1.5 To ensure traceability of the medical device, using the same criteria applied by Spencer Italia S.r.l. a socio unico (by identifying the end user, the serial number of the Code of sale delivered). In particular, the Distributor shall (i) keep the relative records for a period of, at least, ten years from the date of distribution of the concerned medical device and (ii) immediately notify Spencer Italia S.r.l. a socio unico about any loss, theft, destruction (for whatever reason) of the medical device.
1.6 To submit to Spencer Italia S.r.l. a socio unico the records of distribution, when so requested.
1.7 To keep the products properly in suitable warehouse.
1.8 provide the Clients with all Spencer’s technical documentations (including User’s Manual) related to the Products and contained in the relative packaging.
2. THE EXTRA CE DISTRIBUTOR further declares he knows the applicable legislation in his Country. Therefore, the Distributor warrants he will, at all times, comply with the relative applicable legislation, statutory instruments, rules and regulations. In particular, the Distributor shall promptly notify Spencer Italia S.r.l. a socio unico which of the Products needs to be registered in his country in order to be so authorized in writing by Spencer Italia S.r.l. a socio unico. It is understood that, together with the written authorization, Spencer Italia S.r.l. a socio unico will provide the Distributor with the documents which may be necessary for the registration, as they will be expressly required by the Distributor.
3. THE EXTRA CE DISTRIBUTOR is responsible for the translation of the user’s manual, technical specifications and to any other technical documentation.
In case of complaints, in compliance with Italian Legislative Decree 24.2.1997 n. 46, the Distributor agrees to:
1. Indemnify and hold harmless Spencer Italia S.r.l. a socio unico from any claim from third arising out and resulting from the incorrect and or unsuitable storage of the Products by the Distributor.
2. Promptly notify the Manufacturer (within 3 days of receipt of the report) any and all claims, accidents or any other technical problem concerning the use of the Products by the Customer.
3. Notify the Competent Authority local, only if so expressly requested by Spencer Italia S.r.l. a socio unico.
4. Cooperate with Spencer Italia S.r.l. a socio unico in collecting information on accidents or any other technical problems concerning the Products.
5. Collect and transmit to Spencer Italia S.r.l. a socio unico any information about the use of the Products which is deemed useful to modify or improve their level of safety.
The Distributor acknowledges that:
1. The warnings do not include the withdrawal from the market of products for commercial reasons.
2. In the event of any warnings, the operations will be carried out and coordinated by Spencer Italia S.r.l. a socio unico.
3. It is necessary to cooperate strictly with Spencer Italia S.r.l. a socio unico for any warning or similar action.

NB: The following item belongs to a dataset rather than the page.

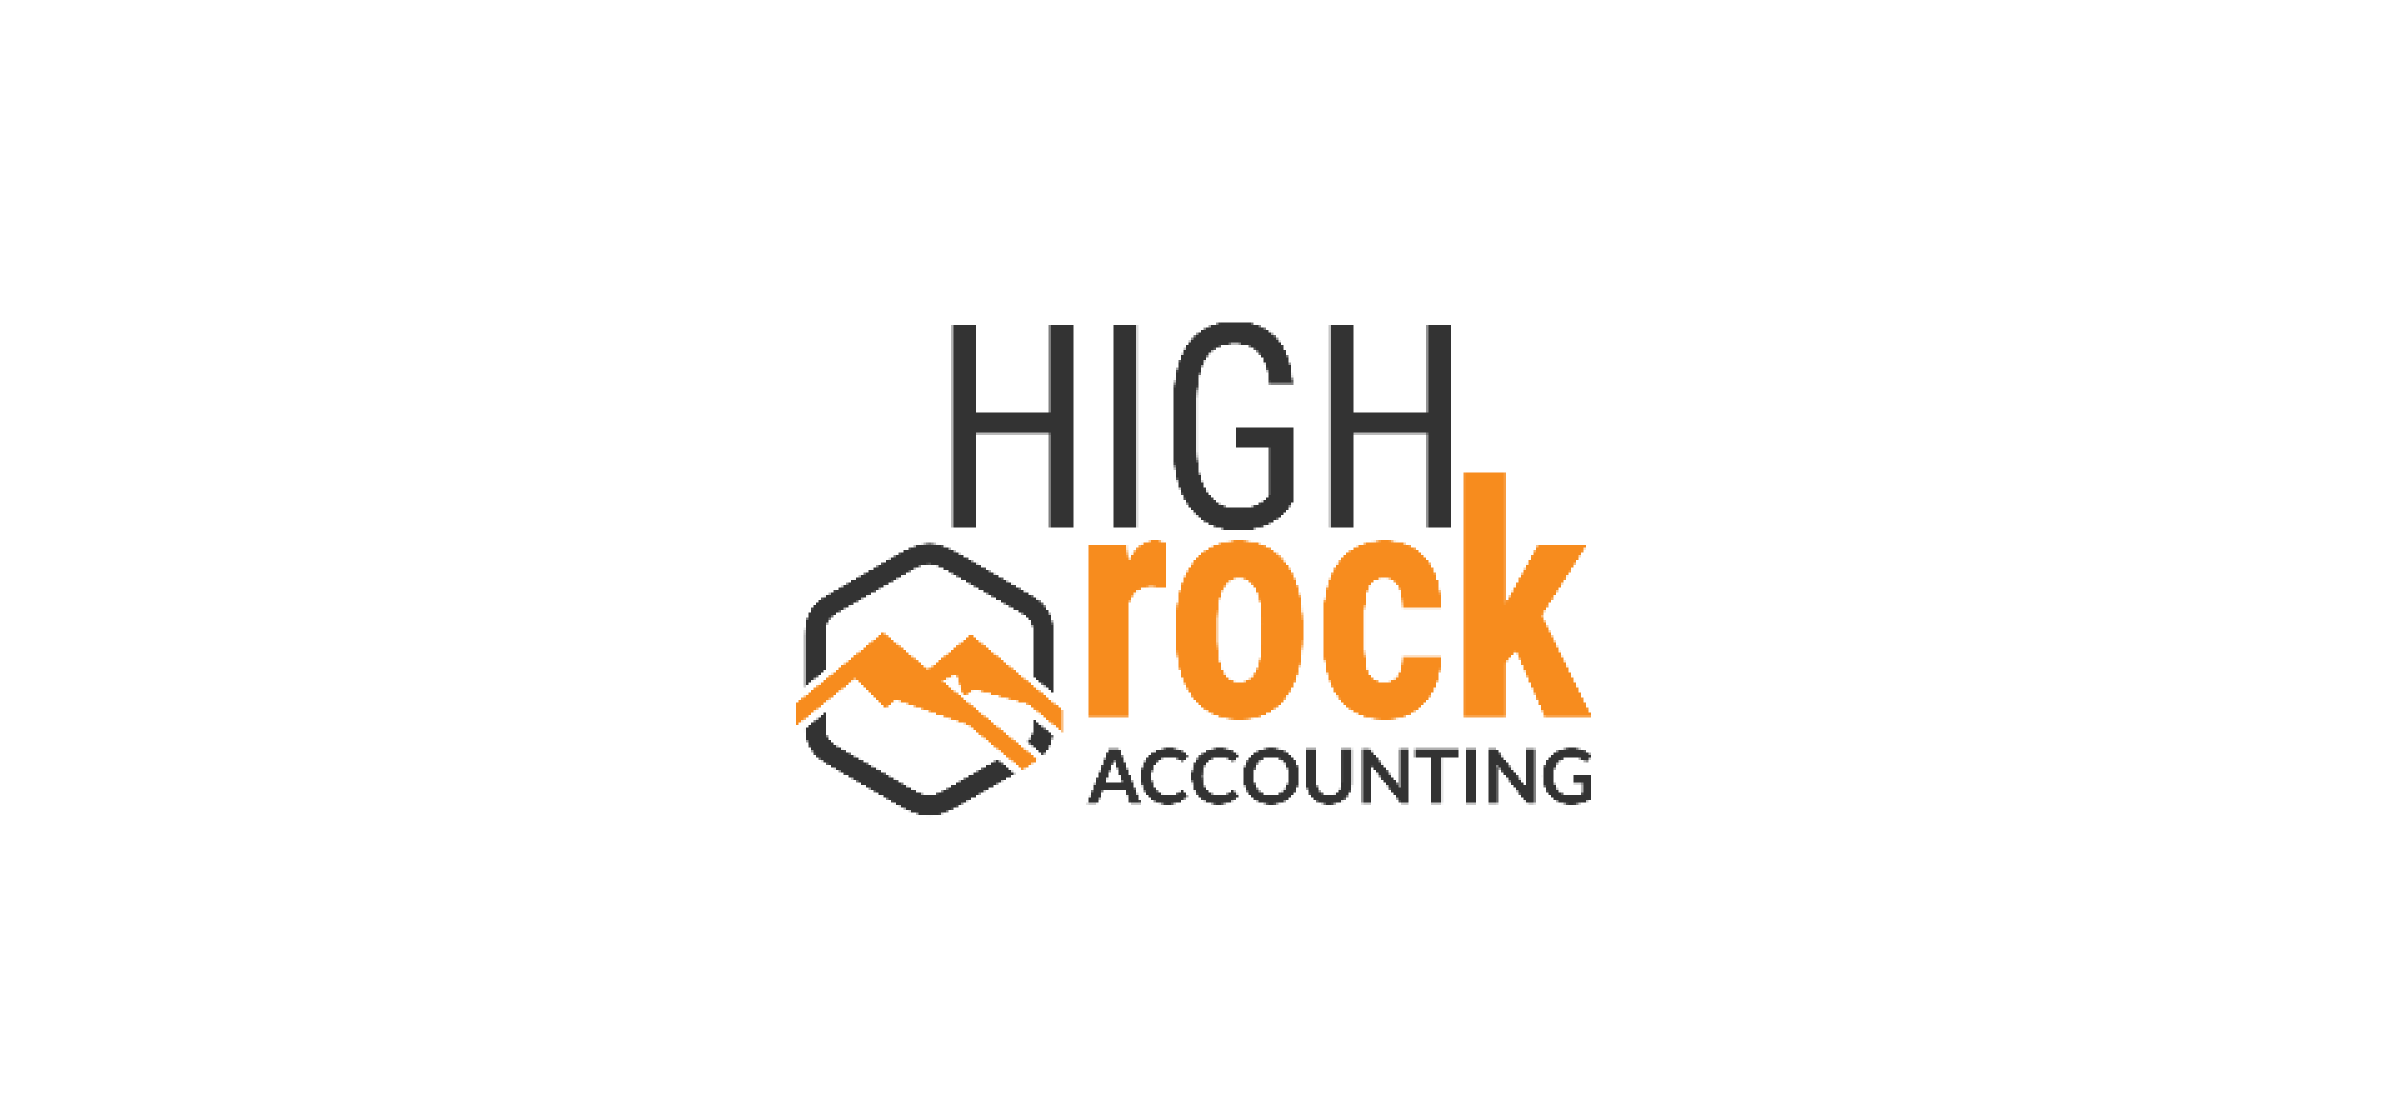 The High Rock Accounting logo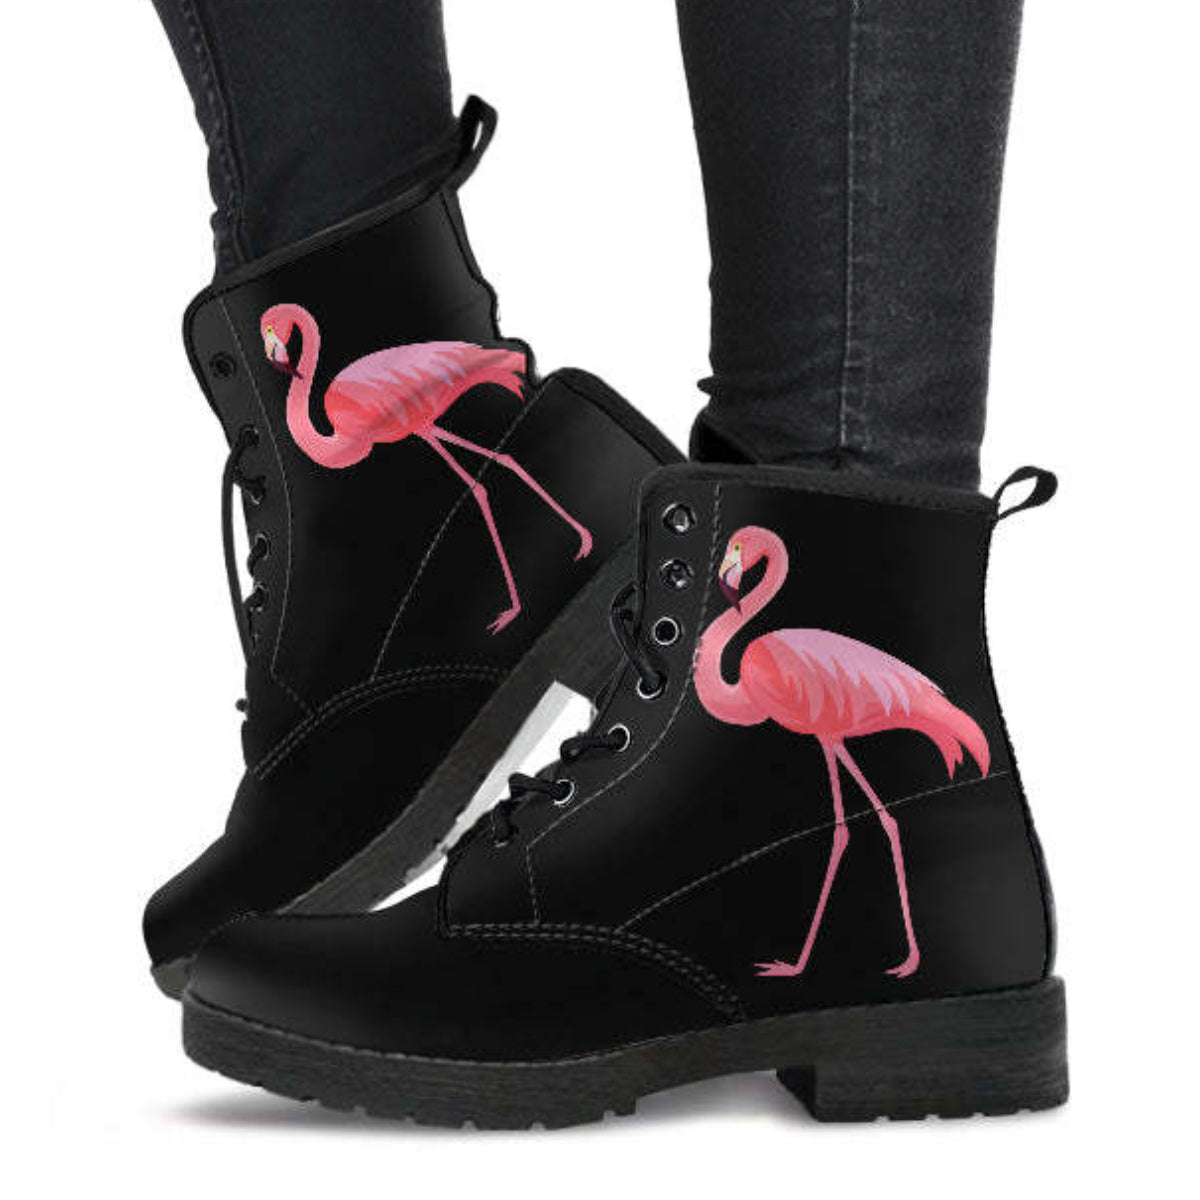 Flamingo Leather Boots The Popular Flamingo

4. The timing of any warnings must be agreed from time to time as suggested by Spencer Italia S.r.l. a socio unico.
5. It is necessary to keep the withdrawn products while waiting for specific written instructions by Spencer Italia S.r.l. a socio unico.
Extra CE Distributors shall bear any costs related to the translation of the user’s manual, technical specifications and to any other technical documentation. Unless otherwise agreed in writing by the parties, Extra CE Distributors shall also bear the costs related to the registration of the Products in the interested area. For the purpose, the Distributor shall previously check the correctness of the data with SPENCER.